生产队有个“贫协”组长,姓易,我们叫他达哥,却总能说出些让人费思量的话来,所以我特别喜欢与他一起干活。有一次,秧插到田中央,我俩直起腰来喘口气。达哥忽然伸手向四面一划,说:“这块田原来是我家的。”我不经意地问:“土改时分给你家的?”他摇摇头:“土改分的算什么!我是说,旧社会时候原是我家的。”我觉得很奇怪:“你不是贫农吗?怎么会有这么多田?”他笑了笑,用手比划了个枪的形状,对准自己的太阳穴:“幸亏晚解放了几年,不然我能当上贫农?百分之百的一个死地主!”

我听不懂了,瞠目望着他。达哥笑了,又说:“你听着蛮新鲜是不?这有什么奇怪的。我爸爸原来有十几石谷的田,可是他又赌钱又抽鸦片烟,解放前三四年把家产败得精光,自己也病死了。传到我手上什么都没有了,不就只好去帮人家当长工?我这个贫农就是这样来的嘛!”听了这番话,我只能感叹人生命运的无常,福祸相互转化得竟是如此地轻易!同时又暗想,这就是农村真实的阶级状况吗?怎么似乎与老师在课堂上讲的不太一样?当然,后来这种事听得多了,也就不以为怪了。现在想起来,正是这些东西,才真正称得上是再教育。
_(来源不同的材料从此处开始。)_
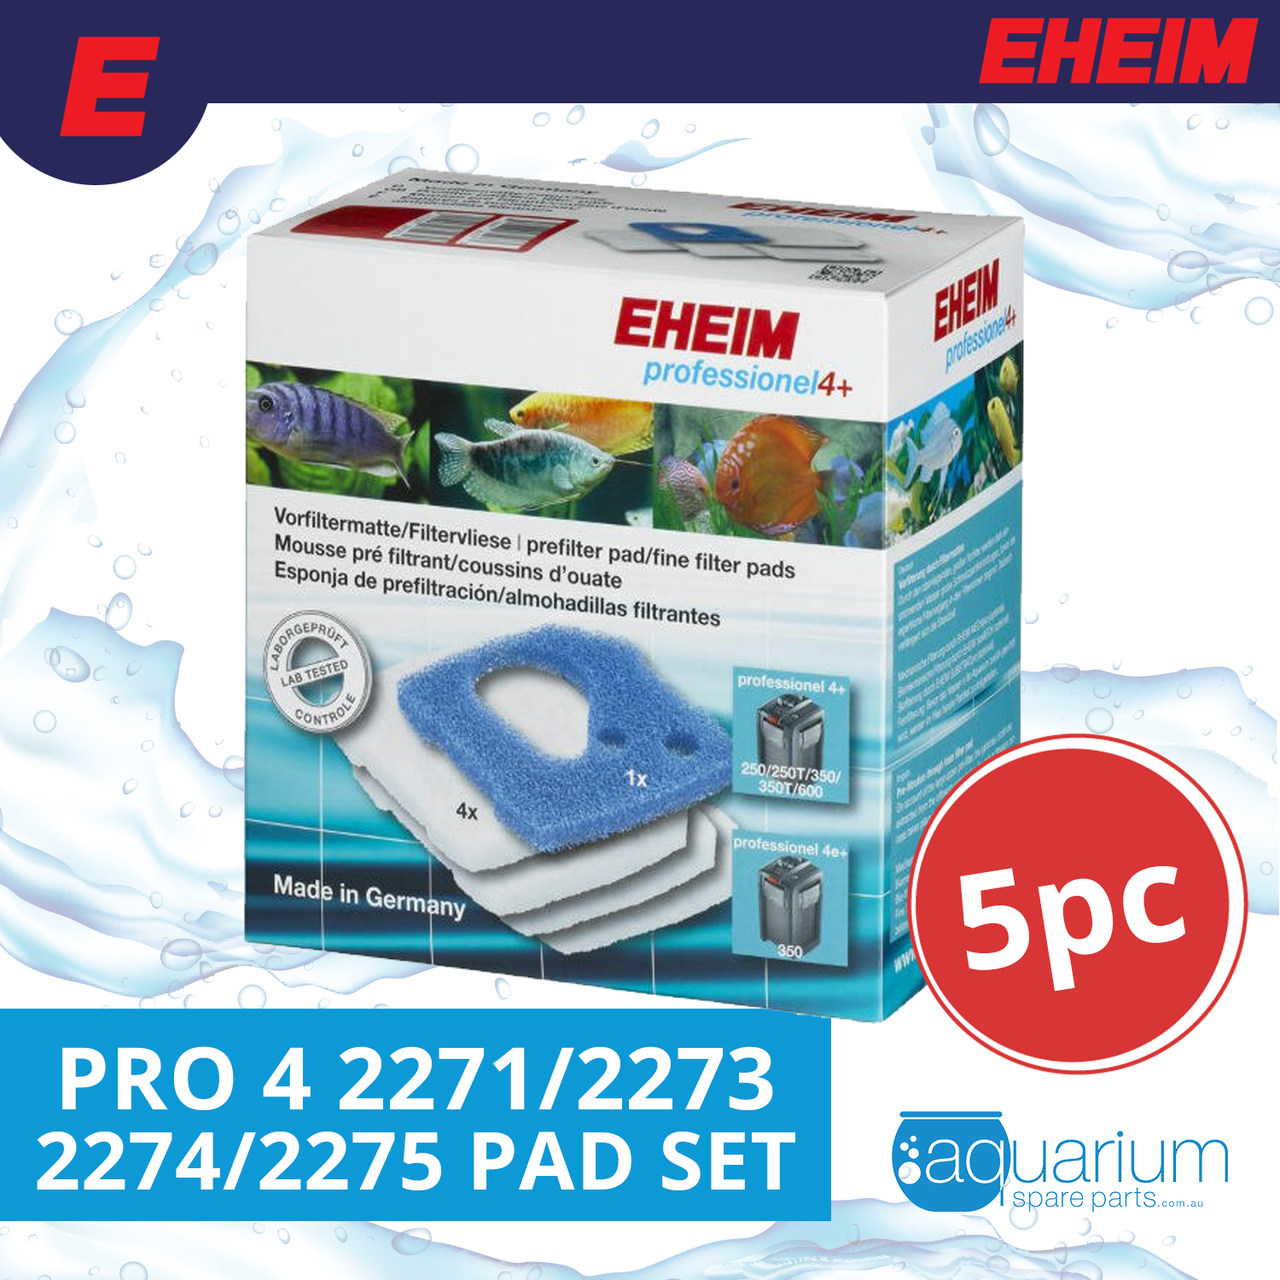 Eheim Pro 4 2271 2273 2274 2275 Filter Pad Set 5pc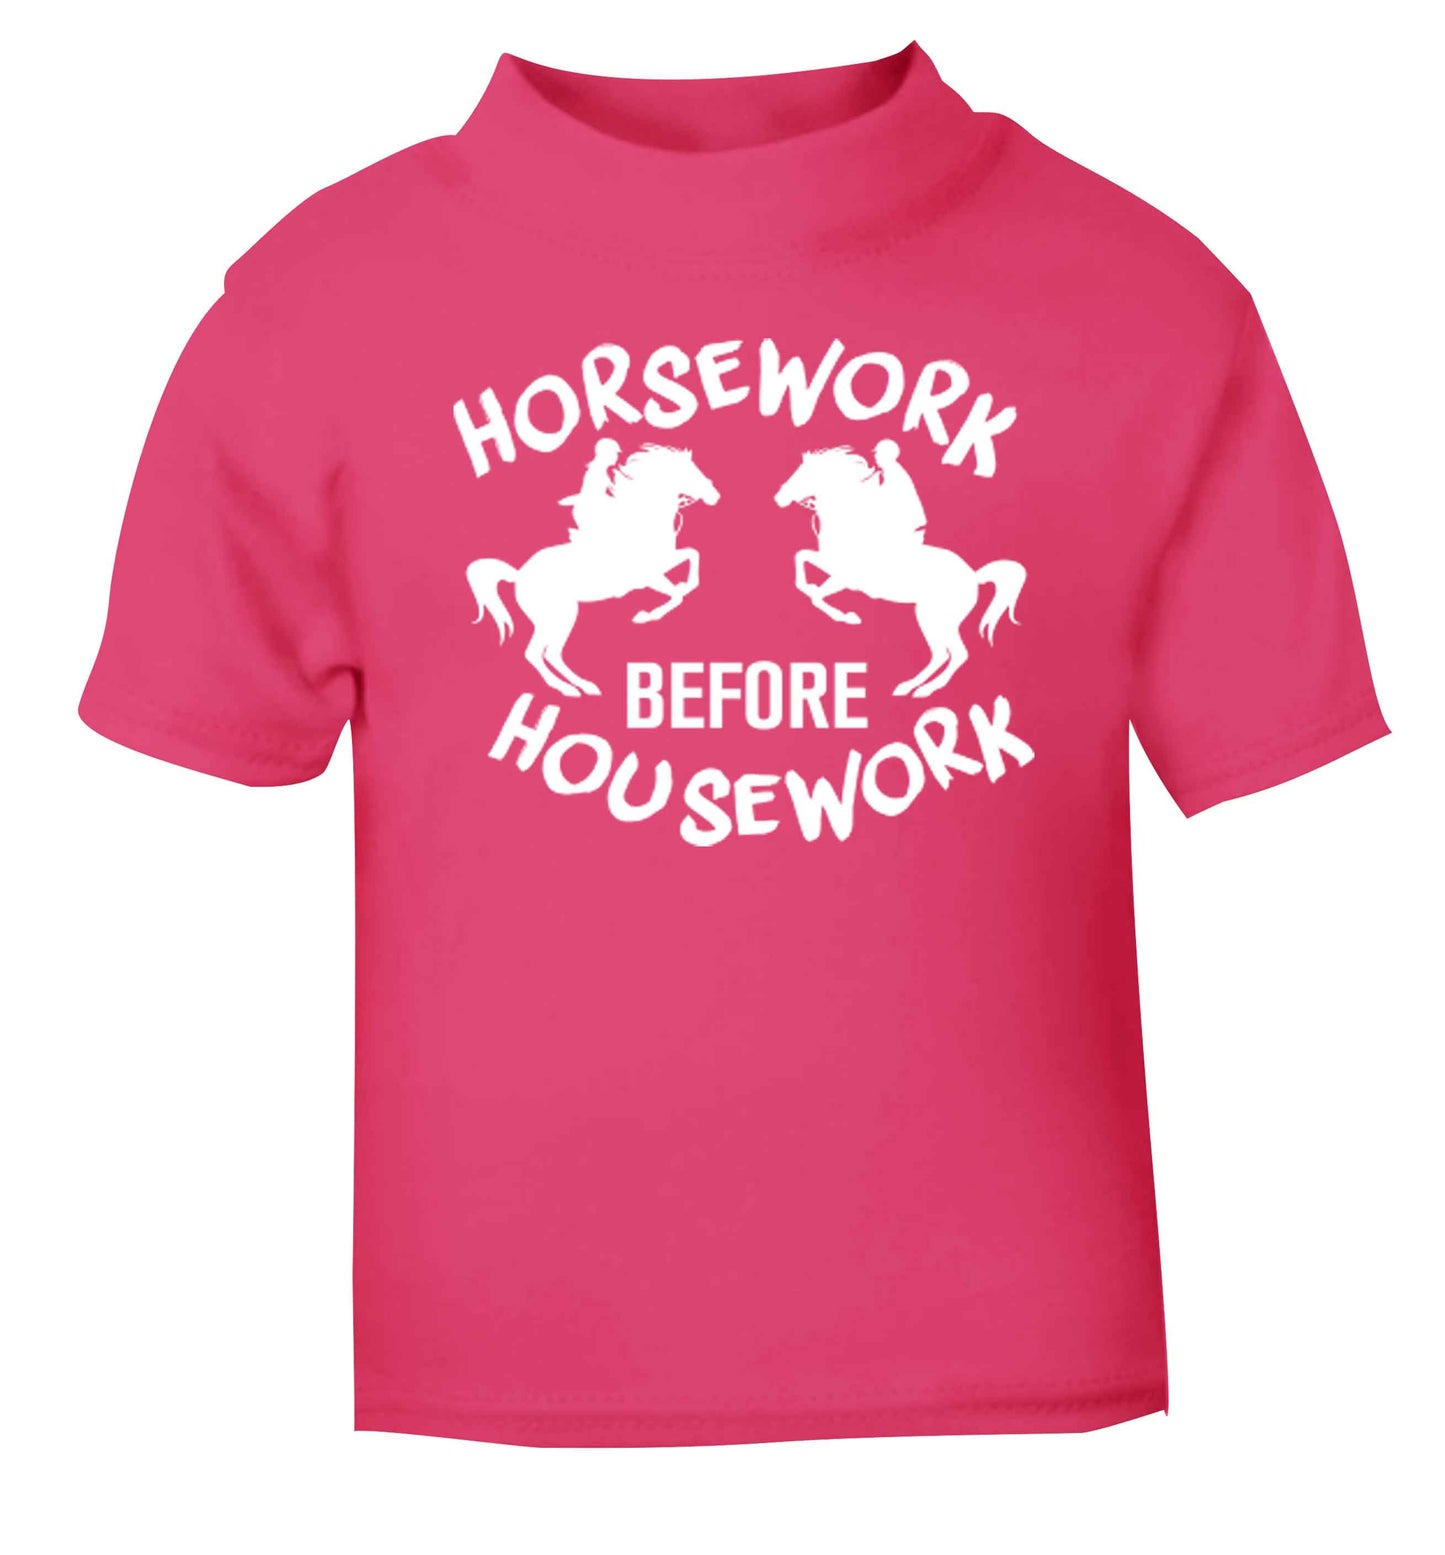 Horsework before housework pink baby toddler Tshirt 2 Years

我们就是这样从农民的闲聊中,获得了非常宝贵的历史信息,纠正了许多来自于书本的谬误。

还有一次,达哥说过一句更绝的话,让我至今想起来仍不禁要会心一笑。记得我们是先聊起了三年困难时期,他绘声绘色地说了怎么到食堂吃“大锅饭”,又怎么闹饥荒,饿得男人走路撑棍子,女人个个都不生崽了;接着他话锋一转,冲我眨了眨眼说:“说是说叫你们来接受贫下中农的再教育,其实这是毛主席的一条计策,你信不信?”我已习惯了他机巧的语言风格,就笑着问:“这倒猜不透,你说说看。”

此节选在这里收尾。